Researchers from the Center for Healthy Brain Aging at the University of New South Wales, Sydney, Australia, looked at the association between various social connection markers and their links to reducing cognitive decline and dementia. Although the research did not look specifically at senior living communities, the data make the case for the setting’s social structure in slowing rates of cognitive decline.

The research involved 40,000 people across 13 international studies on six continents — North and South America, Europe, Africa, Asia and Australia — that were part of the Cohort Studies of Memory in an International Consortium, or COSMIC.

“We found that sharing a home with one or more person(s) and weekly community group engagement had the most robust results across studies, indicating these factors are fundamental components in the link with less cognitive decline,” Henry Brodaty, study co-author and co-director of the center, said in a statement.  

Social support, relationships satisfaction and the existence of a confidante were found not to have a significant effect on cognition levels.

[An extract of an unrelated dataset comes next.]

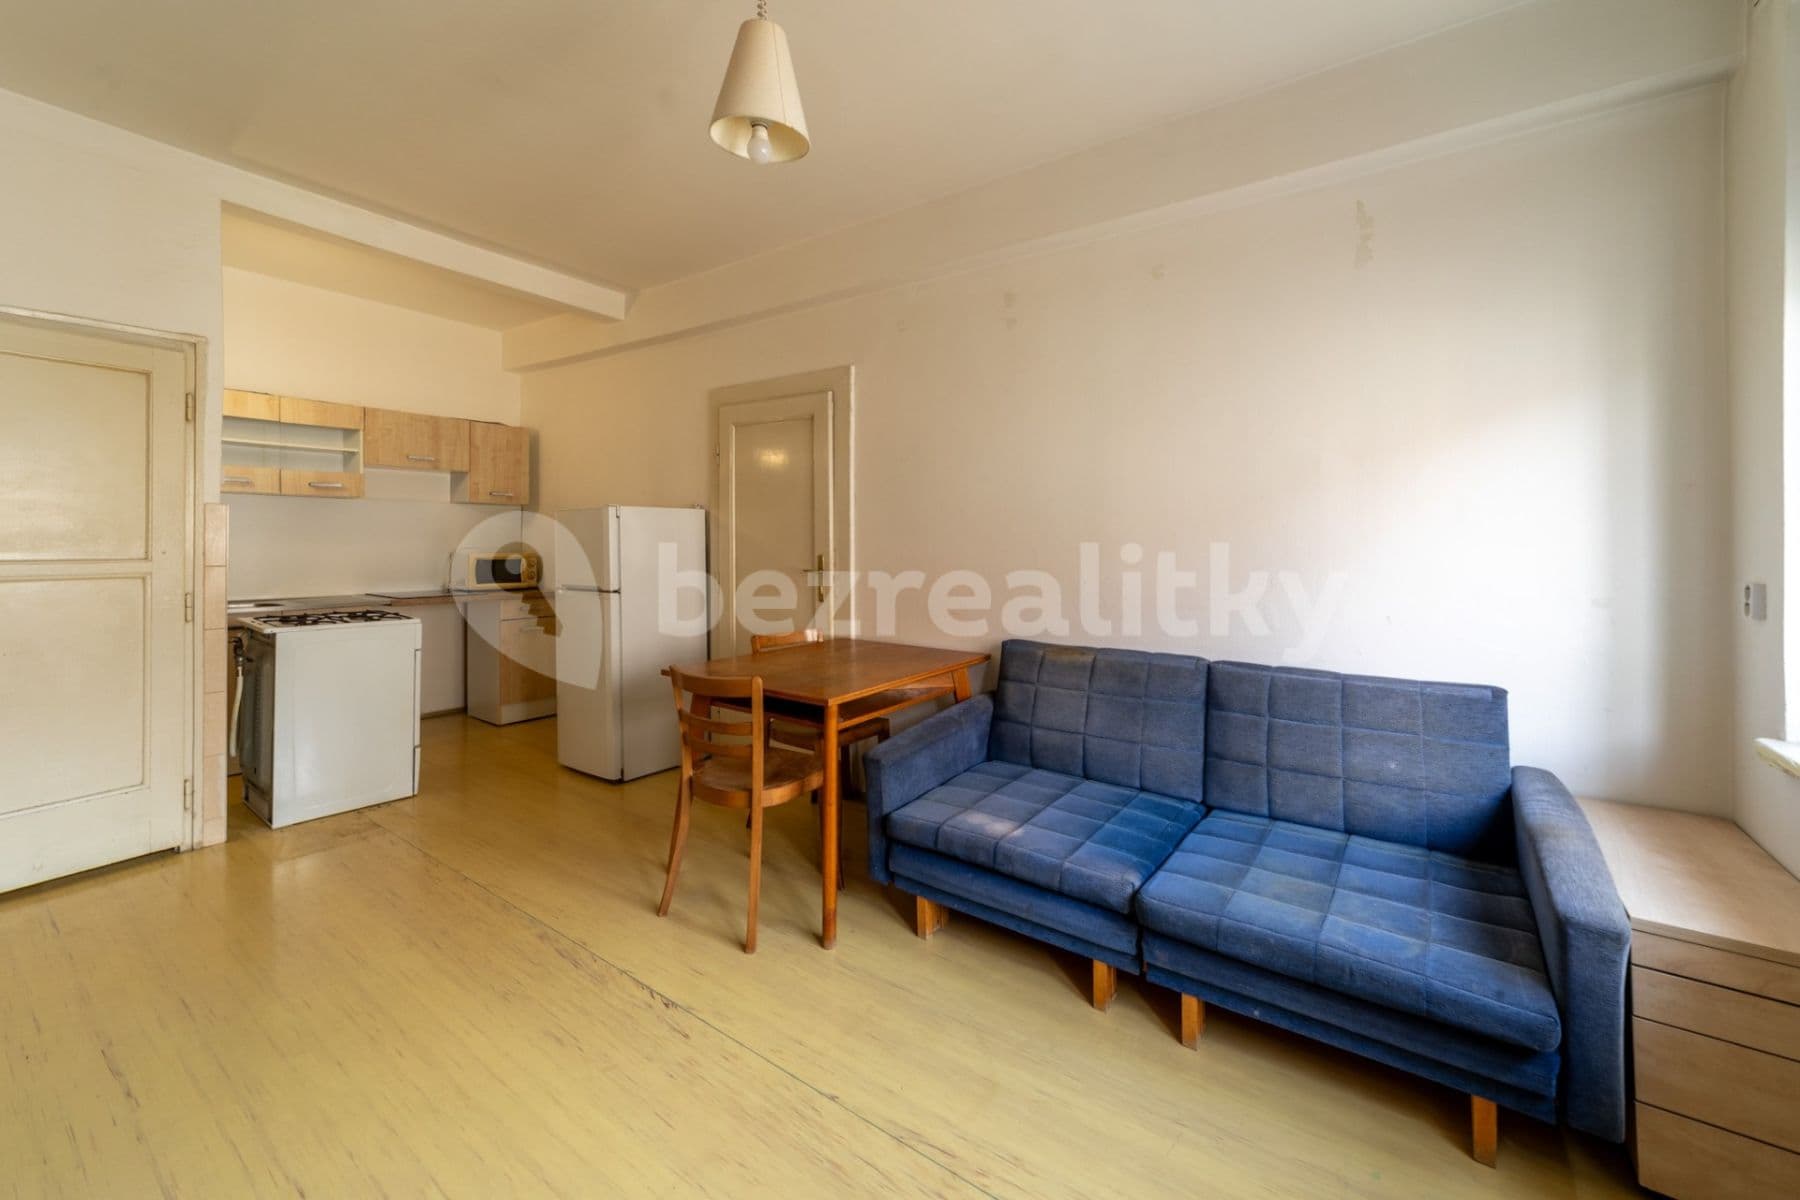 1 bedroom with open-plan kitchen flat for sale, 45 m², Pivovarnická, Prague, Prague
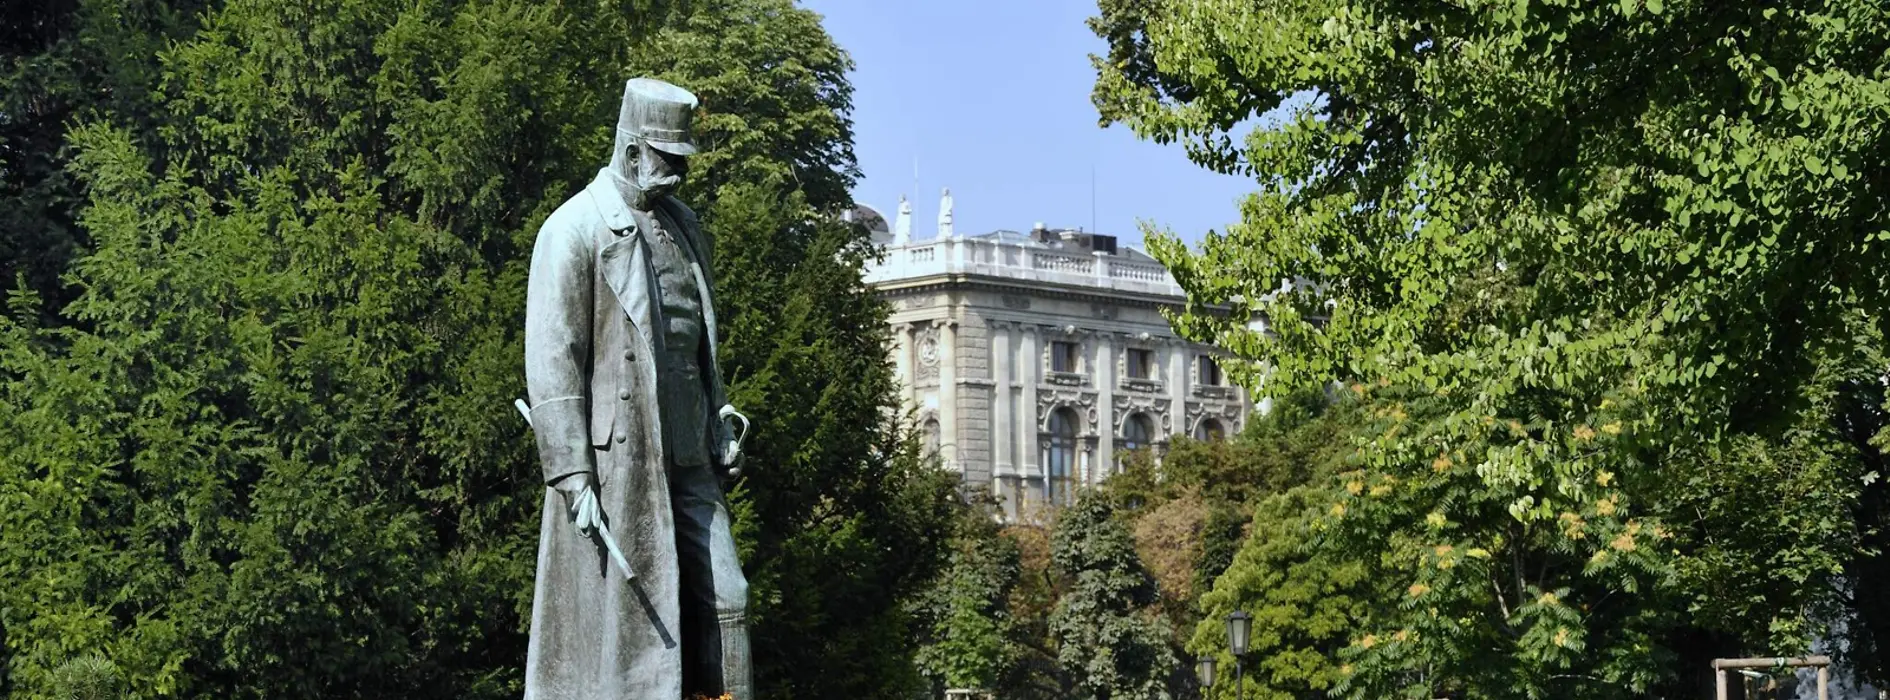 Kaiser Franz Josef-Statue, Burggarten

Perminder Sachdev, COSMIC Consortium lead professor, said that “having researchers of brain aging from around the world come together in this collaboration to determine what factors of social connection are common for memory decline will have significant impact on policy change for the future of Alzheimer’s disease and other dementias.”

The study was published recently in The Lancet Healthy Longevity and was supported by an EU Joint Programme-Neurodegenerative Disease Research grant funded by the National Health and Medical Research Council Australia and the US National Institute on Aging.